Monday, Jul. 01, 1991
Bringing Back Storytelling
By Richard Zoglin
Jack Nicholson's best performance in the past five years? With all due respect to Batman and The Witches of Eastwick, it just may be a half-hour stint Nicholson did for, of all things, a children's video. He is narrator of The Elephant's Child, an adaptation of Rudyard Kipling's whimsical story about how the elephant got its trunk. Backed by the music of Bobby McFerrin, Nicholson gives a droll, spirited reading, wrapping his tongue around Kipling's sensuous words -- "the great, gray-green, greasy Lim-po-po River" -- like a gourmet savoring oysters.

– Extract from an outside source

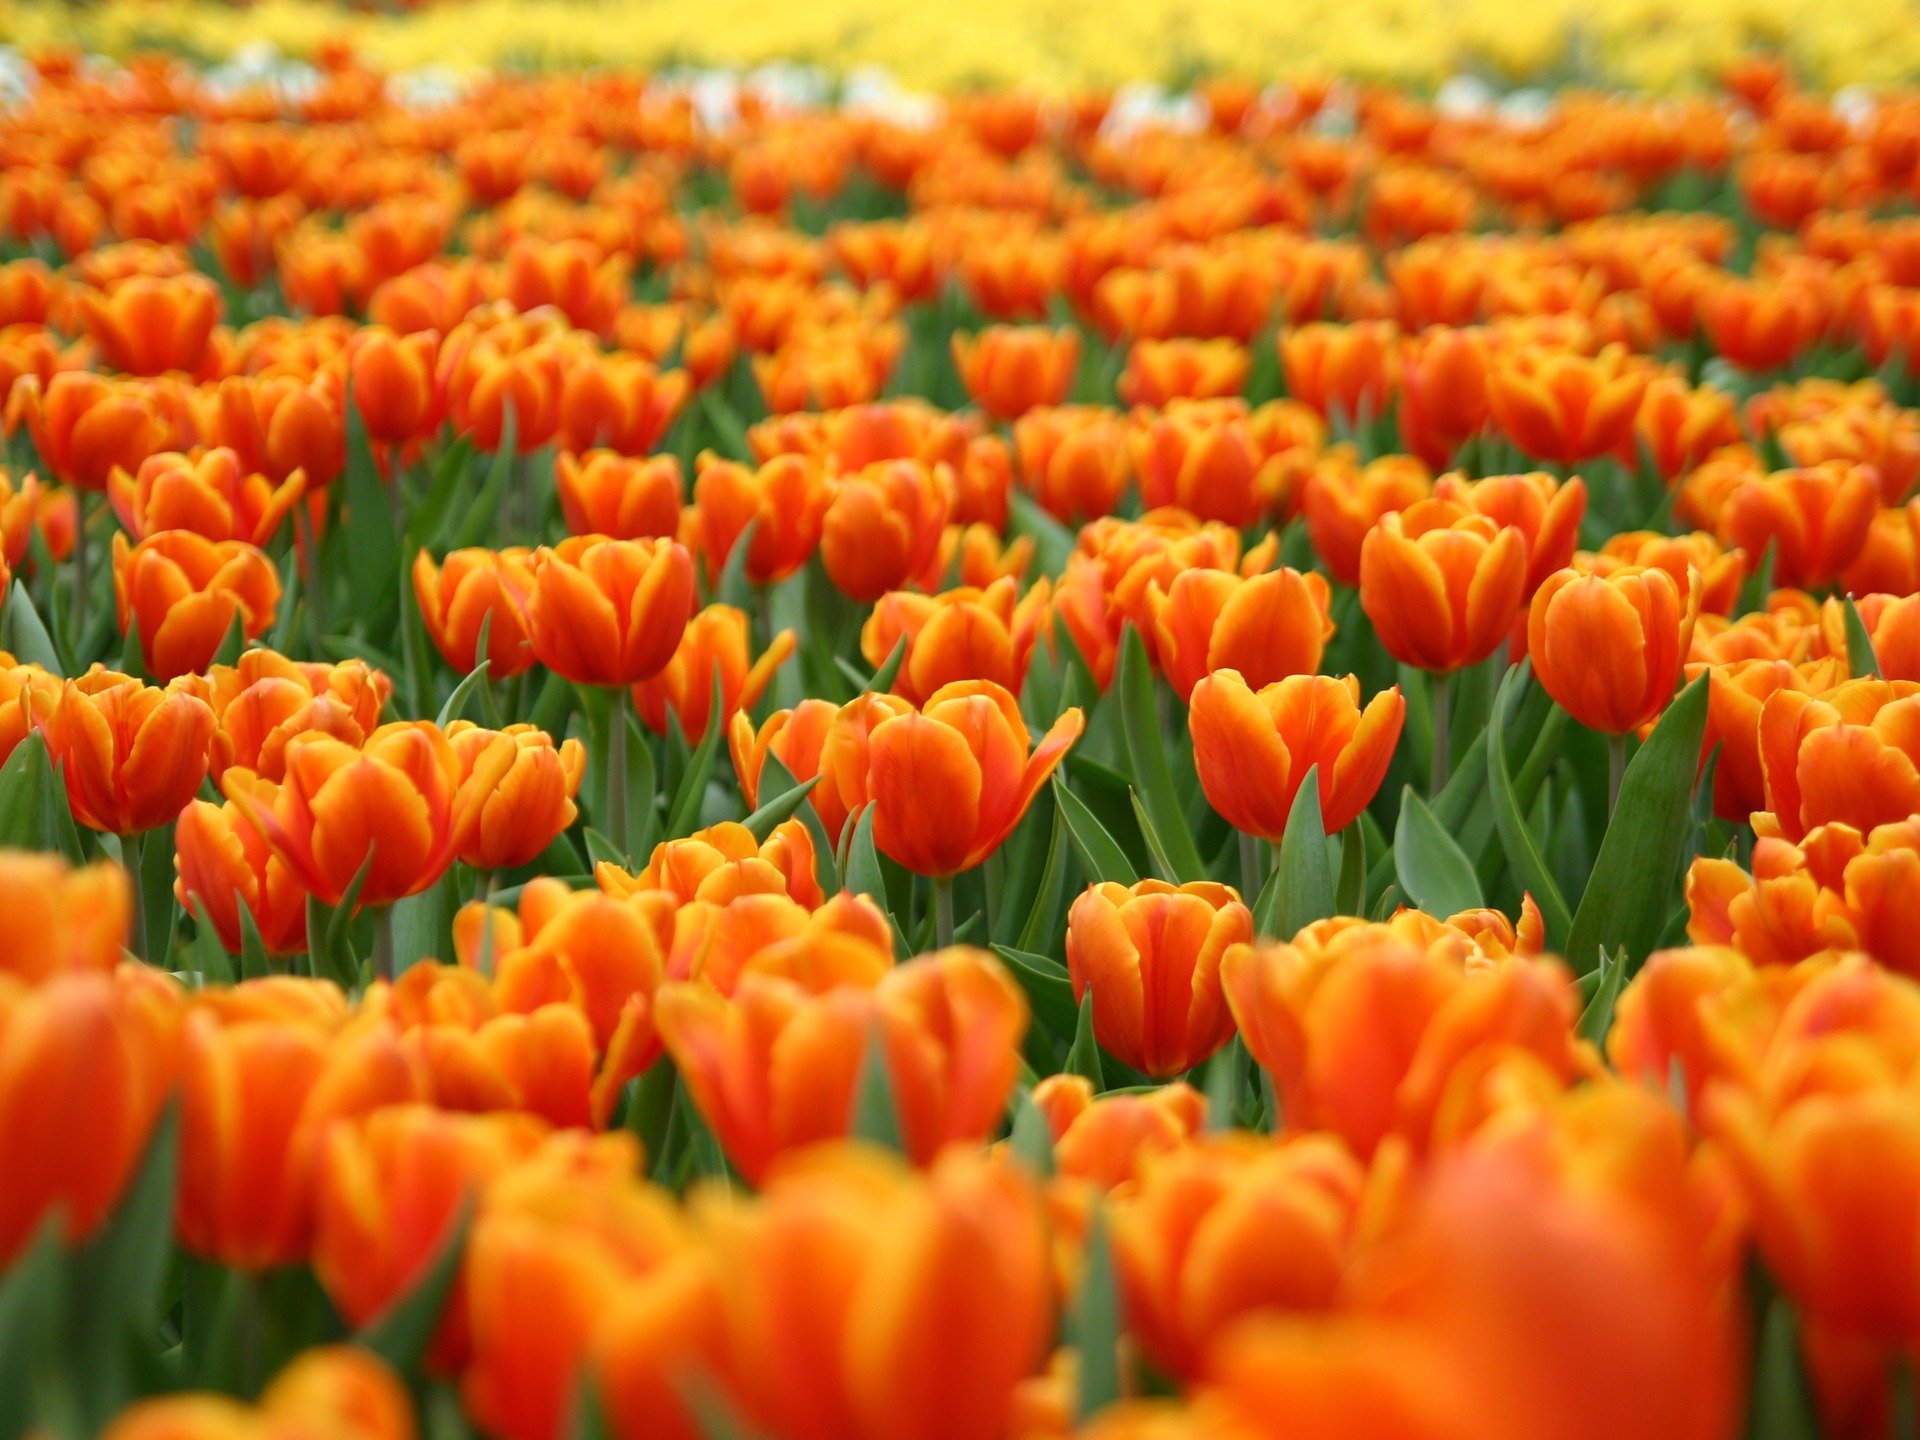 Orange Tulips Wallpaper Flowers Nature Wallpapers in jpg format for

By the same token, it would be hard to imagine a funnier, better modulated comic performance from Robin Williams than the Babel of Slavic accents he brings to a Russian folktale called The Fool and the Flying Ship. Or a more touching turn by Sigourney Weaver than her reading of the pensive Japanese story Peachboy. Or a sprightlier showcase for Michael Palin's Pythonesque versatility than his rendition of Jack and the Beanstalk.

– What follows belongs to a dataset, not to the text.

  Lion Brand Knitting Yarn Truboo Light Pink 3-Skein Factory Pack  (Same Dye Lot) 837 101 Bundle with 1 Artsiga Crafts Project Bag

Star power has come to children's video. More important, so has the lost art of storytelling. Credit goes to a small Connecticut company called Rabbit Ears Productions, which for six years has been assembling a library of children's literature on video. Each story is illustrated by a top-flight artist, scored by a noted composer (Ry Cooder, Herbie Hancock) and narrated by a moonlighting Hollywood actor.
For kids brought up on frenetic Saturday-morning animation, these half-hour videos are leisurely paced and look comparatively low-tech. Visually, they are little more than still pictures strung together in a technique known, rather generously, as dissolve animation. Sales have been moderate (cost: $9.95 or $14.95 a tape), but titles are multiplying rapidly. Following its initial series of 18 storybook classics (Thumbelina, read by Kelly McGillis; The Emperor's New Clothes, with John Gielgud), the company has just launched a new collection of folktales from around the world, featuring stars like Denzel Washington and Max von Sydow. Also in the works: legendary American tales and Bible stories. The videos are being run on the Showtime cable network, and Raul Julia is recording them in Spanish.
The success of Rabbit Ears has a fairy-tale quality of its own. The company is the brainchild of Mark Sottnick, 46, a former high school science teacher from Philadelphia, who began making children's films in the early '80s. In 1985 he and his partner (and now wife) Doris Wilhousky produced a TV version of one of their favorite children's stories, The Velveteen Rabbit. They managed to persuade Meryl Streep -- the "friend of a friend" -- to read the narration. The tape won a passel of awards and set Rabbit Ears hopping. In the past year the staff has grown from four to 18, straining the capacity of the two-story barn-wood building in Westport, Conn., that serves as a homey headquarters.
Sottnick is quick to admit that because of the low action level and sophisticated content of Rabbit Ears tapes, "they're not going to be every kid's cup of tea." But he adds, "I think the stories should be what every parent strives for: not to sell kids short." In an age of Smurfs, Urkels and Ninja Turtles, that should be music to parents' ears.